I have installed magnets in my little magic (messing up a lot) but it’s worth it. BUT.... if you don’t want to risk screwing up get a cubicle labs little magic (my preference) or a supernova if you're more familiar with speedcubeshop


----------



## AbsoRuud (Mar 21, 2019)

I can vouch for the quality of the Supernova Yuxin Little Magic M. It's a dream come true.


----------



## Cuber4Life499992 (Apr 13, 2019)

I have the Little Magic but do feel a little weird because of the handfeel of the cube.


----------



## Cuber4Life499992 (Apr 13, 2019)

AbsoRuud said:


> I can vouch for the quality of the Supernova Yuxin Little Magic M. It's a dream come true.


You are one of the few persons I have met who use the Roux method.


----------



## AbsoRuud (Apr 13, 2019)

Cuber4Life499992 said:


> You are one of the few persons I have met who use the Roux method.


Glad to meet you! I like using Roux, it's more fun for me.


----------



## freshcuber.de (Apr 13, 2019)

I have the Gan 354 M and it is a great cube. I can recommend it to anyone with smaller hands and for anyone who wants to use it for OH. Even if it is "only 2 mm", you feel the difference.


----------



## cubeshepherd (Apr 13, 2019)

freshcuber.de said:


> I have the Gan 354 M and it is a great cube. I can recommend it to anyone with smaller hands and for anyone who wants to use it for OH. Even if it is "only 2 mm", you feel the difference.

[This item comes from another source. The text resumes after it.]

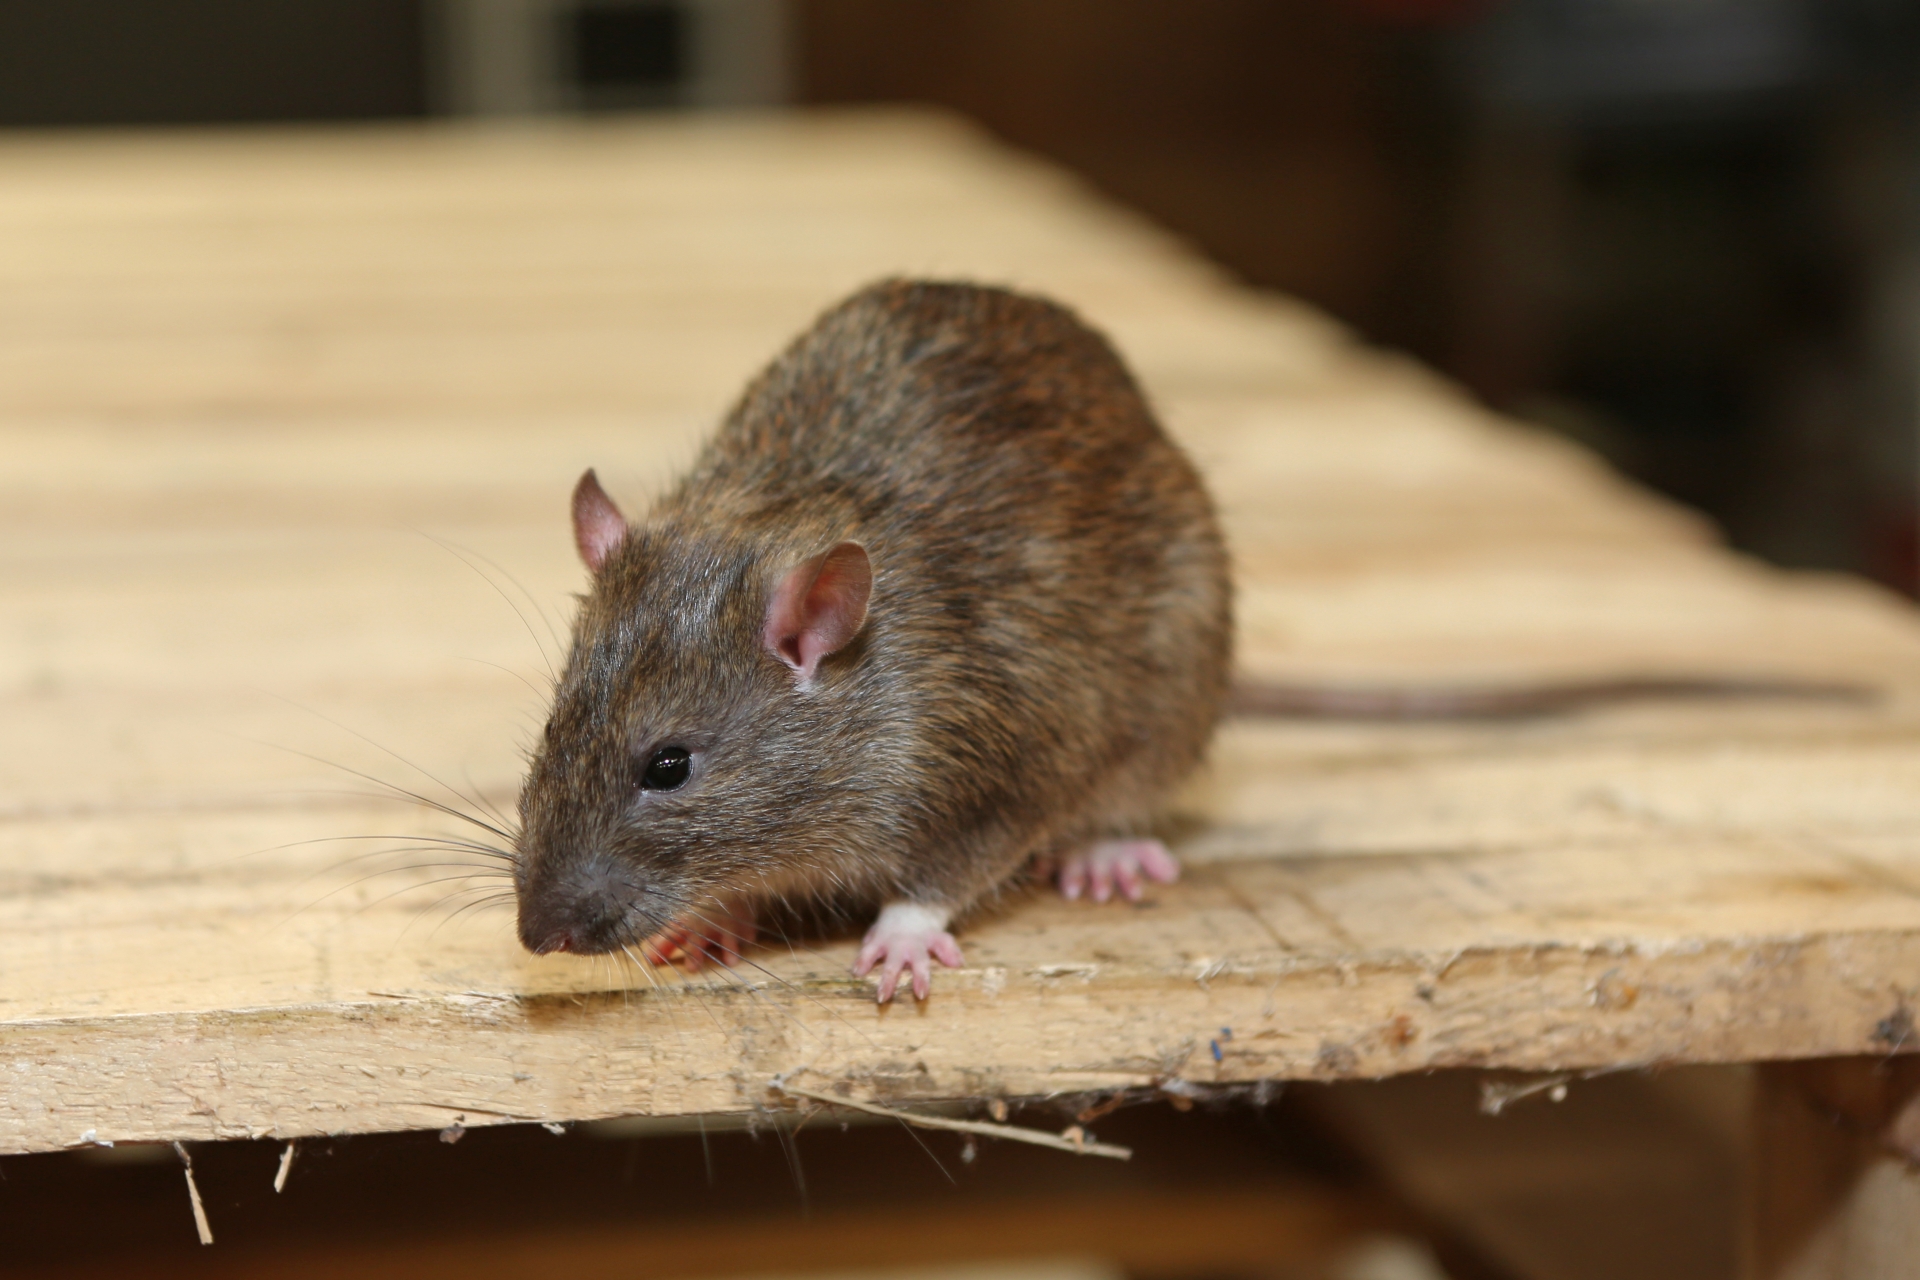 Rat extermination, Pest Control in Moorgate, Liverpool Street, EC2. Call Now 020 8166 9746

I agree. I just got it and like it a lot. Have you tried any of the different springs out on it? and if so what are the differences?


----------



## freshcuber.de (Apr 13, 2019)

No, I have not changed anything.


----------



## TheCuberDude42 (Apr 14, 2019)

If it's American dollars you should buy the gan 354 infinity from Gancubeshop.com


----------



## TheCuberDude42 (Apr 14, 2019)

QuestionableCuber said:


> I do prefer the magnetized yuxin little magic over the gan 356 r with magnets the 356 feels insanely uncontrollable even with magnets i would get the yuxin little magic over the 356 r


If you think it's still uncontrollable then you should put N50 4x2mm magnets in it. Stronger magnets.


----------



## The Cubing Fanatic (Apr 15, 2019)

My personnel feeling is that the 356 X is the way to go if you have the budget. Something that hasn't been talked about yet is the numerical IPG tensioning system. This I find interesting since I find it quite useful, more useful in fact than the Gan magnetic system (particularly since everybody just uses the clear magnets) . It's really handy to have the same tensions all round even after taking the puzzle apart and putting it back together. That being said, you can make a very valid case towards the Gan 354 especially if you like smaller cubes. The 356 R is a good cube if you want to take the time to put magnets in. Personally I'd rather not go through the work of putting magnets in when there are so many affordable magnetic cubes these days. However, neither the 354 or the 356 R have the numerical IPG tensioning system, which I personally think is well worth the money. BTW I am slightly biased as I have been using the 356 X since I got it last November.


----------